These circles are not necessarily associated with pan-Iranian groups or Persian fascists seeking grandeur. Part of the left-wing spectrum, which pretends to be free of Iranism and nationalism and presents itself as federalist, also follows this same policy. The central strategy of both groups is to maintain the central system and its military apparatus of repression, while offering empty hopes of a voluntary division of central power through a legislative and parliamentary system. Among these, we should not overlook the role of those who, in theory, do not believe in the concept of national sovereignty in South Azerbaijan, but who present themselves as part of the Azerbaijani national movement under the mask of federalism, thereby stirring theoretical and practical confusion within the movement. Of course, to understand the nature of the ideas and actions of this latter group, there is no need to delve into their thoughts and programs. Their actions speak for themselves. These are individuals who see their friends and allies not within the ranks of Azerbaijani activists but among the adversaries and enemies of this nation, and conversely, they direct their attacks towards their own people. The main characteristic of this group is their cooperation and sometimes joint action with non-Azerbaijani forces whose core aim and program is to preserve the existing administrative and military system during the transition from the rule of the Supreme Leader to forms of governance such as reformism, left-wing ideologies, or Iranian national-religious movements.

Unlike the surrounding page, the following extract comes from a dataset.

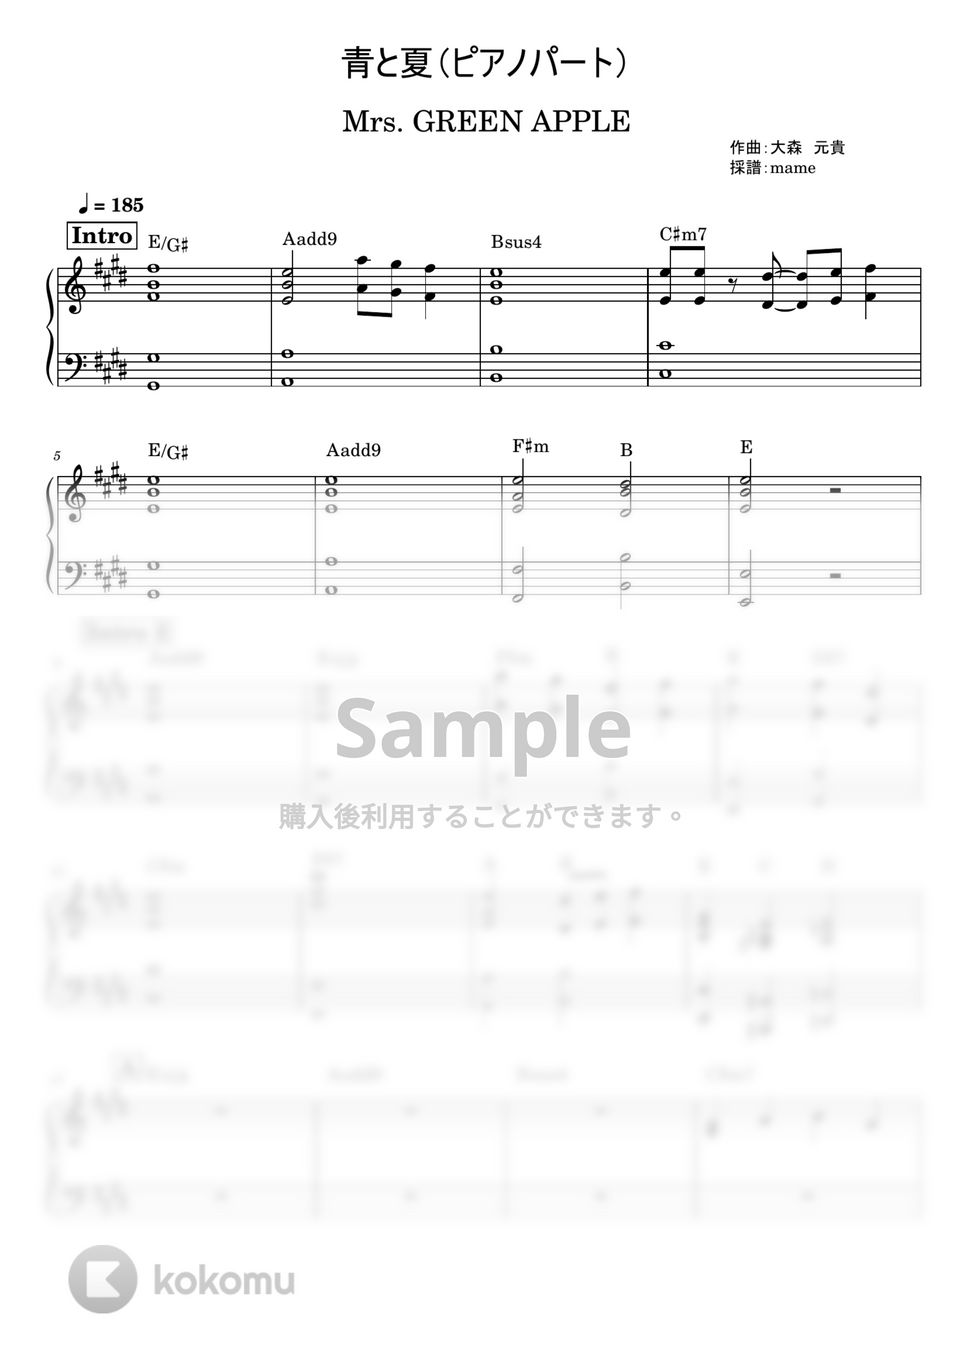 Mrs. GREEN APPLE - 青と夏 (ピアノパート) by mame

9. In summary, the primary goal of both federalism and independence is the acquisition of national sovereignty, and for achieving this goal, breaking the central power is essential. Specifically, any movement in Iran that only aims to change the players on the scene while keeping the central repressive power intact cannot be considered as advancing the cause of national sovereignty for Azerbaijan and, consequently, stands against the wishes of both the federalists and the separatists. Since, until the attainment of sovereignty, the paths of federalists and separatists are the same, joint action of Azerbaijani forces is essential for success. Cooperation with non-Azerbaijani forces can only lead to independence or federalism if it is based on the defense of Azerbaijan's national principles and aimed at facilitating the fundamental dissolution of the existing system and eliminating the central military and administrative powers. Joining forces with movements that claim to be national but are, in fact, representatives of the current dominating system—unless these efforts are part of a regional movement based on equal rights and with a transparent, guaranteed program to dismantle the centralized military and administrative power—will, in practice, act contrary to the national interests of Azerbaijan.

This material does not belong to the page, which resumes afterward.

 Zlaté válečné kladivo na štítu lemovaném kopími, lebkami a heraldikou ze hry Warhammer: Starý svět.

10. It is crucial to repeatedly emphasize this point, especially for those who naively expect that the totalitarian system under the influence of the destructive ideology of pan-Iranianism, with all its sycophants and blind followers, will dissolve itself through democratic means. They must realize that as long as the centralized government with its repressive machine is ready to act, any talk of achieving federalism will seem like a joke. Therefore, it is vital to stress the necessity of understanding the tactics of this phase of the struggle, especially the need for unity among all national activists, so that the limited and valuable energy of Azerbaijani activists is not wasted on self-destructive actions and unethical behavior. The final point is significant, as Mr. Aslani said: “Given that the active opponents of Azerbaijani political activists in Iranian society are not limited to the central government, and other groups in the opposition to the government, who exploit the lack of the aforementioned factors, try to gain the political trust of Azerbaijanis, negligence and lack of commitment from the activists of the national movement could benefit political opposition groups, which, in many cases, are aligned with the government and oppose the national movement of Azerbaijan.”

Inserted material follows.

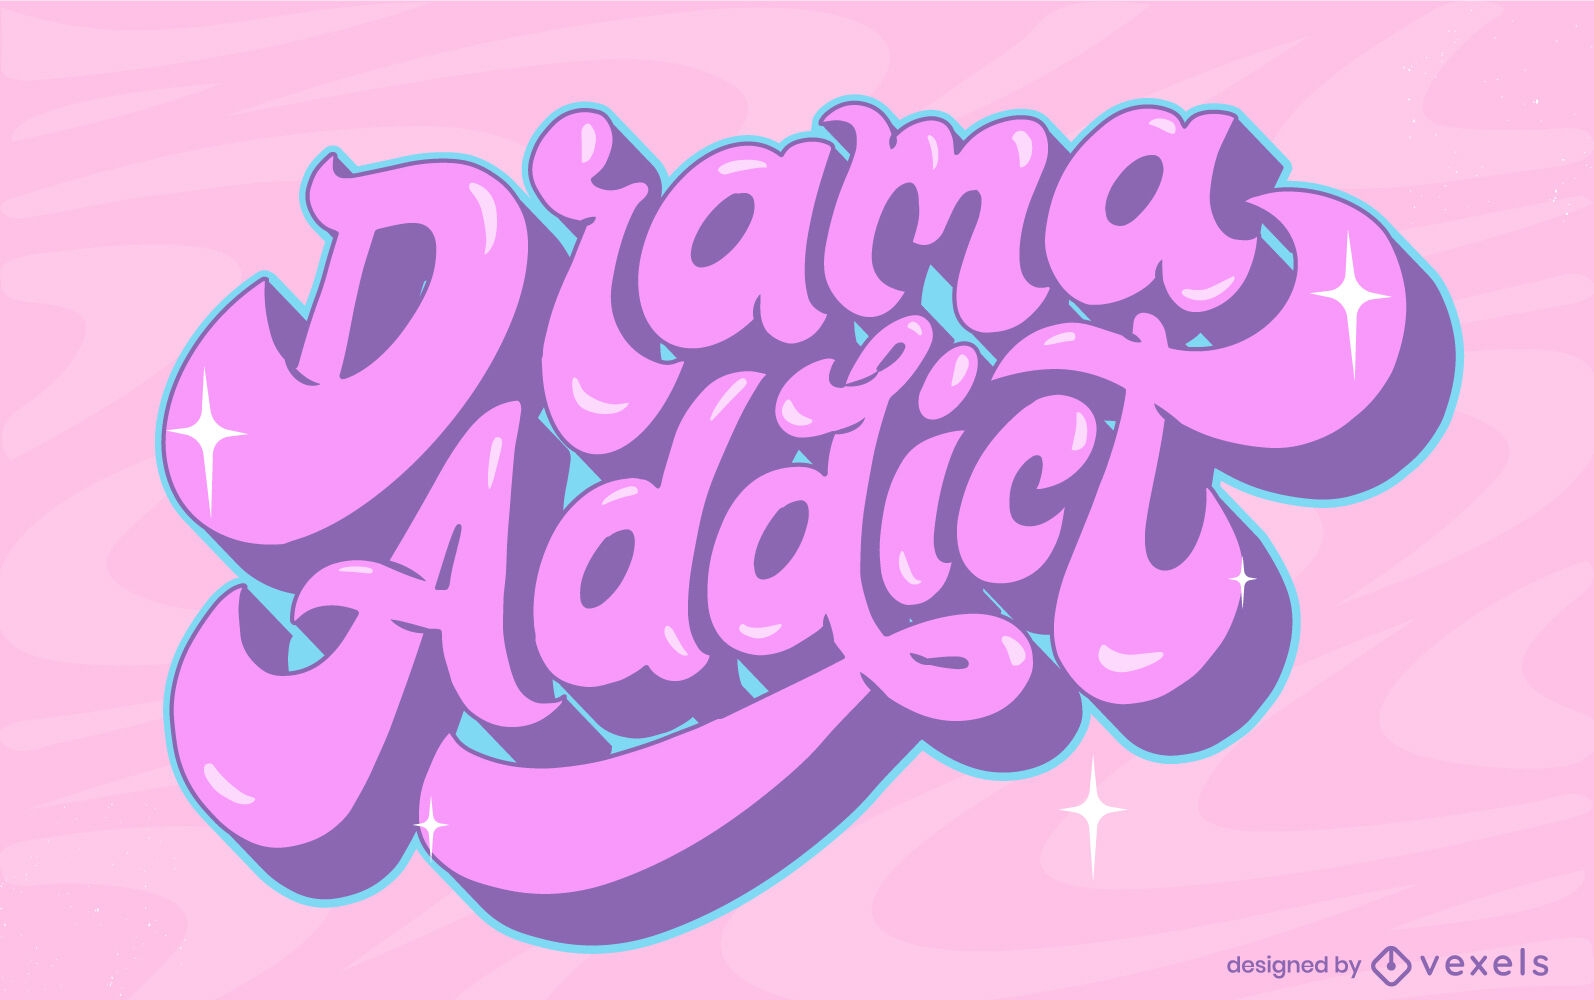 Drama Addict quote lettering

All signs indicate that the Islamic Republic is going through the final stages of collapse. A government that, by the accident of history, came to power during a time of political, economic, civil, and cultural growth worldwide and attempted to implement pre-historical laws under the guise of divine destiny is nothing more than a historical joke and will inevitably collapse. The main question is whether the process of this collapse will lead to the true liberation of the peoples of Iran, the establishment of democracy in the country, and the arrival of prosperity and happiness for its people, or whether, due to lack of planning, superficiality, and perhaps personal ambitions and conflicts, the racist, oppressive system of pan-Iranianism will rebuild itself in another form, possibly with a deceptive appearance, and once again mark another defeat for this long-suffering land?